▶ **Assignment**: Produce an exact copy of all the data below, dropping every image.

▶ **Material provided**:
+++
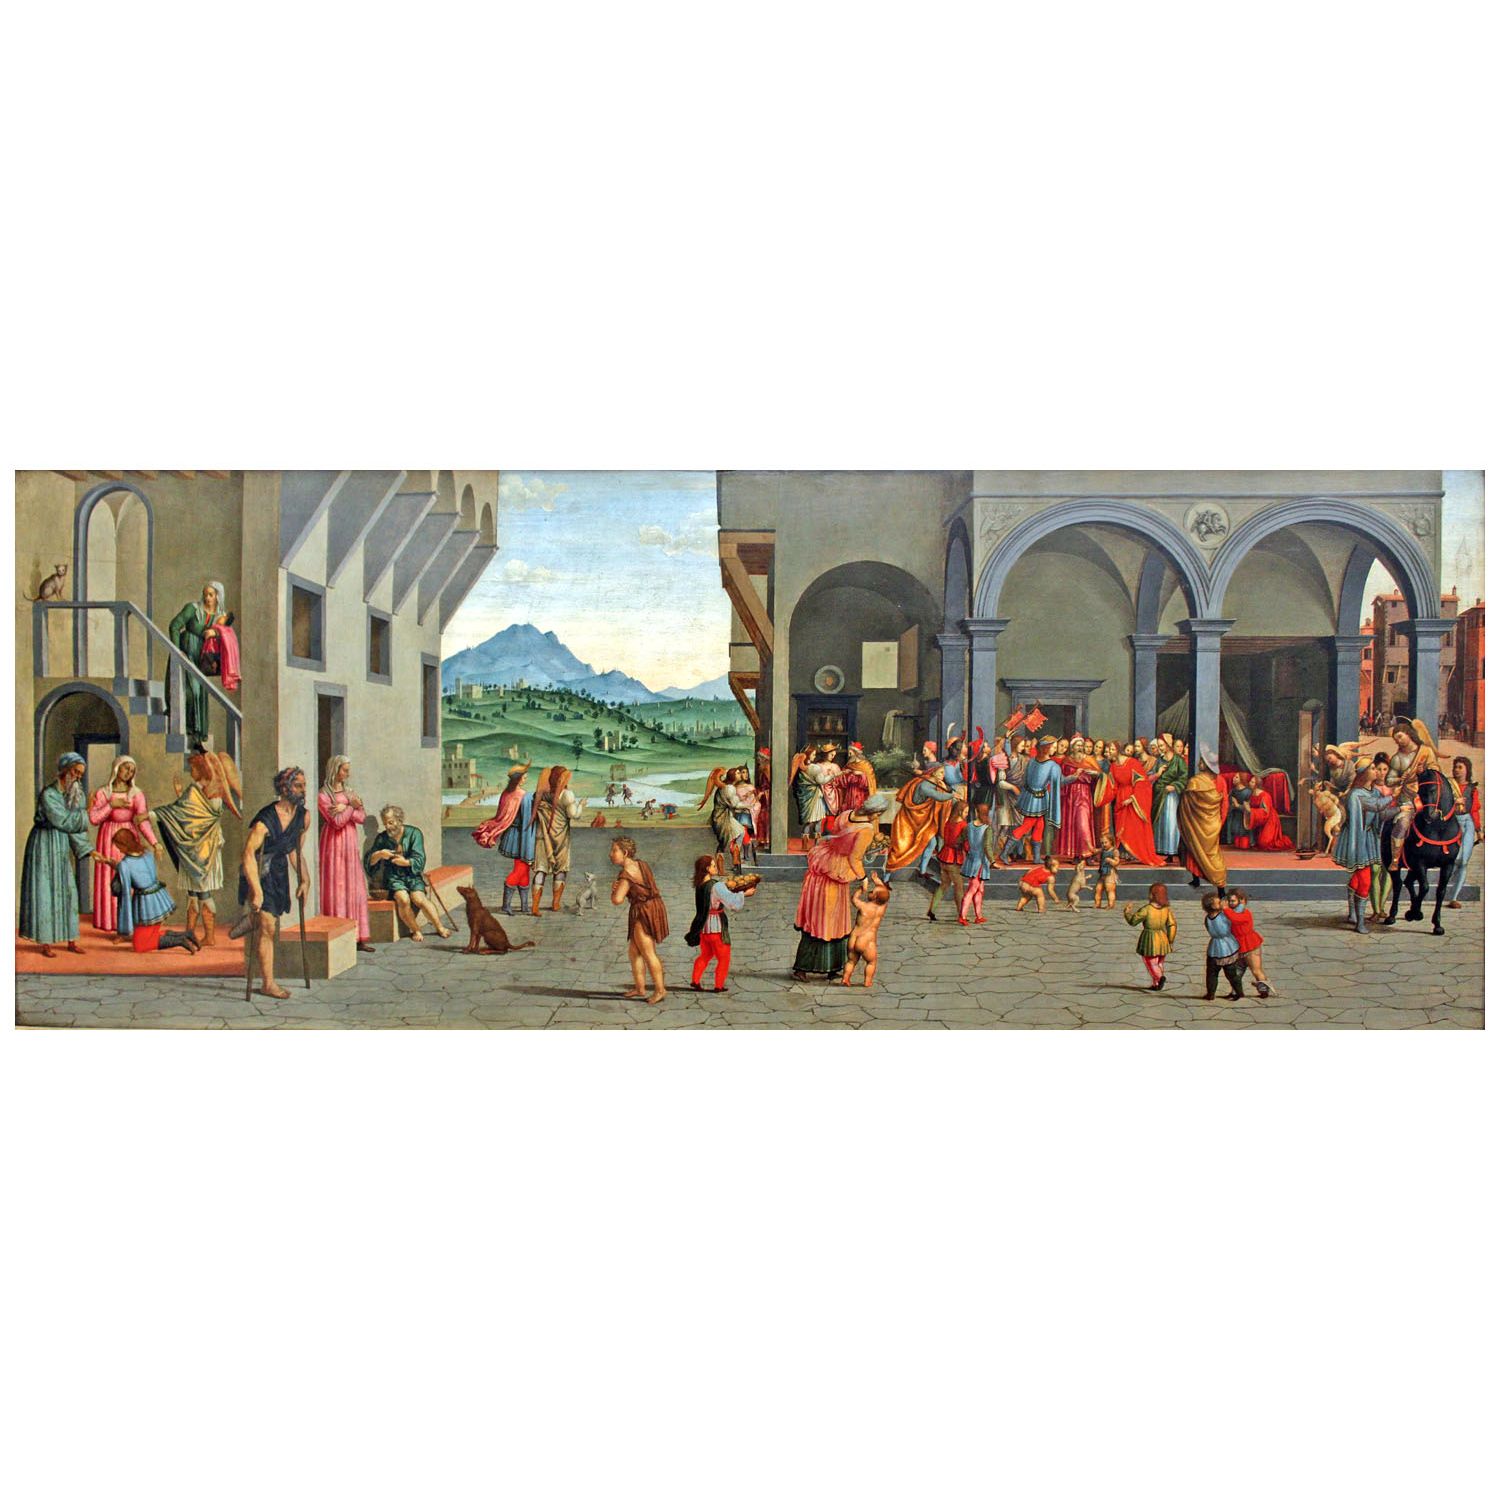 Giuliano Bugiardini. Storie del giovane Tobia. 1535. Gemaldegalerie Berlin
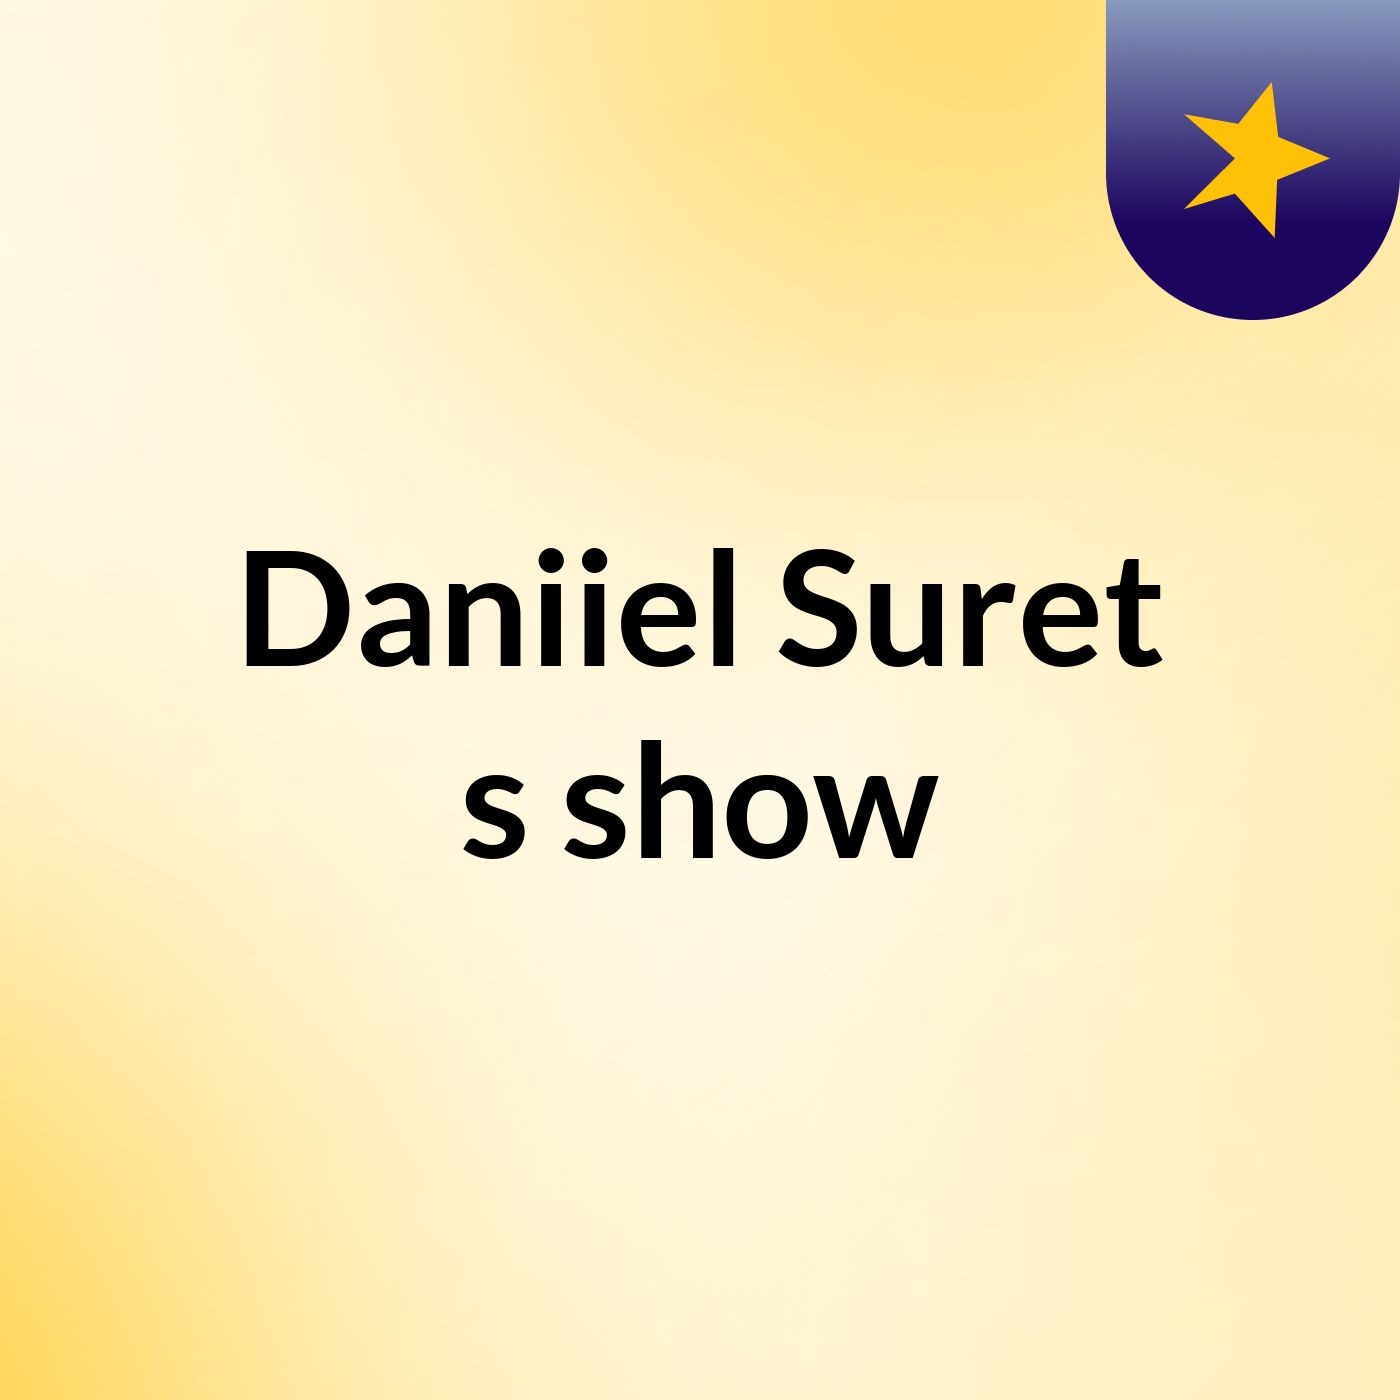 Daniiel Suret's show
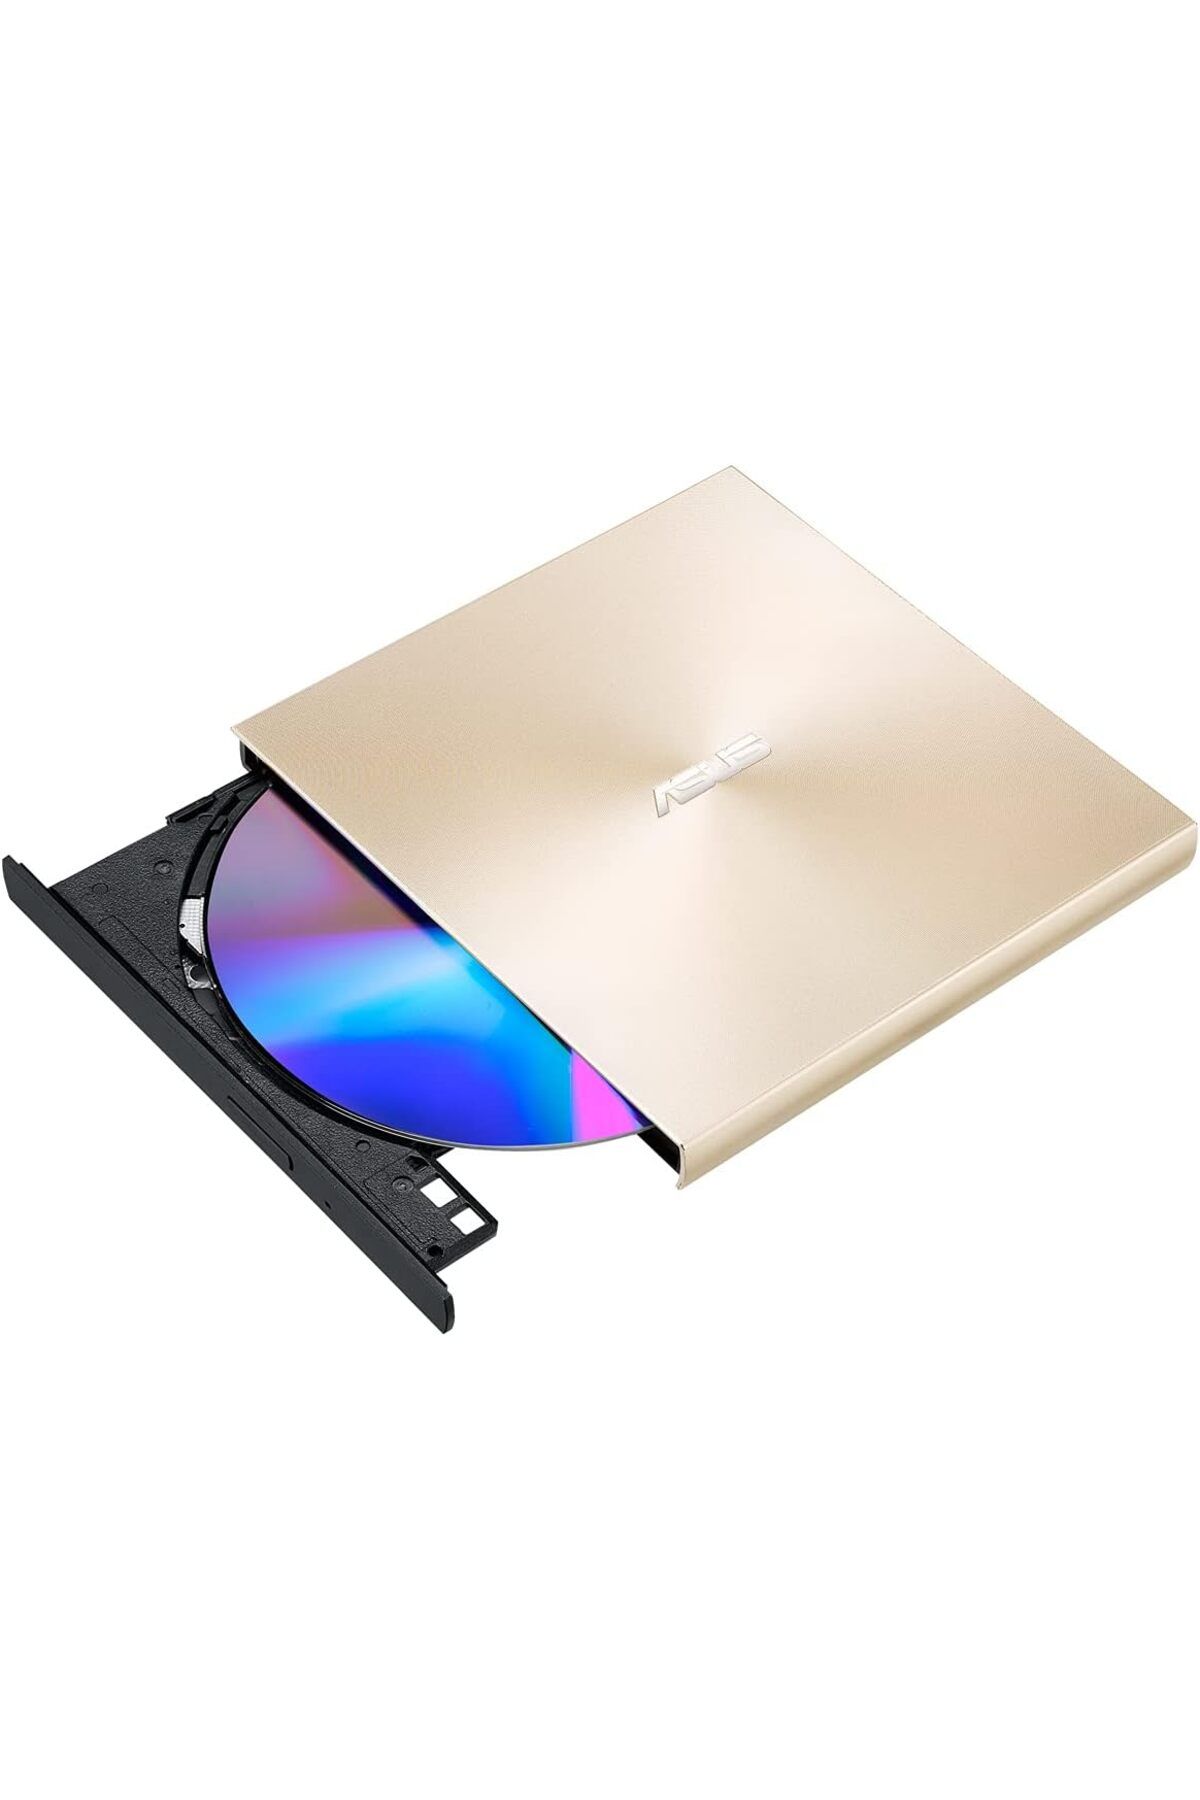 Store ZenDrive-U8M SDRW-08U8M-U Harici Ultra İnce DVD Yazıcı, M-Disc, USB Type-C, Altın
+++
▶ **Solution to the exercise**:
 Giuliano Bugiardini. Storie del giovane Tobia. 1535. Gemaldegalerie Berlin
 Daniiel Suret's show
 Store ZenDrive-U8M SDRW-08U8M-U Harici Ultra İnce DVD Yazıcı, M-Disc, USB Type-C, Altın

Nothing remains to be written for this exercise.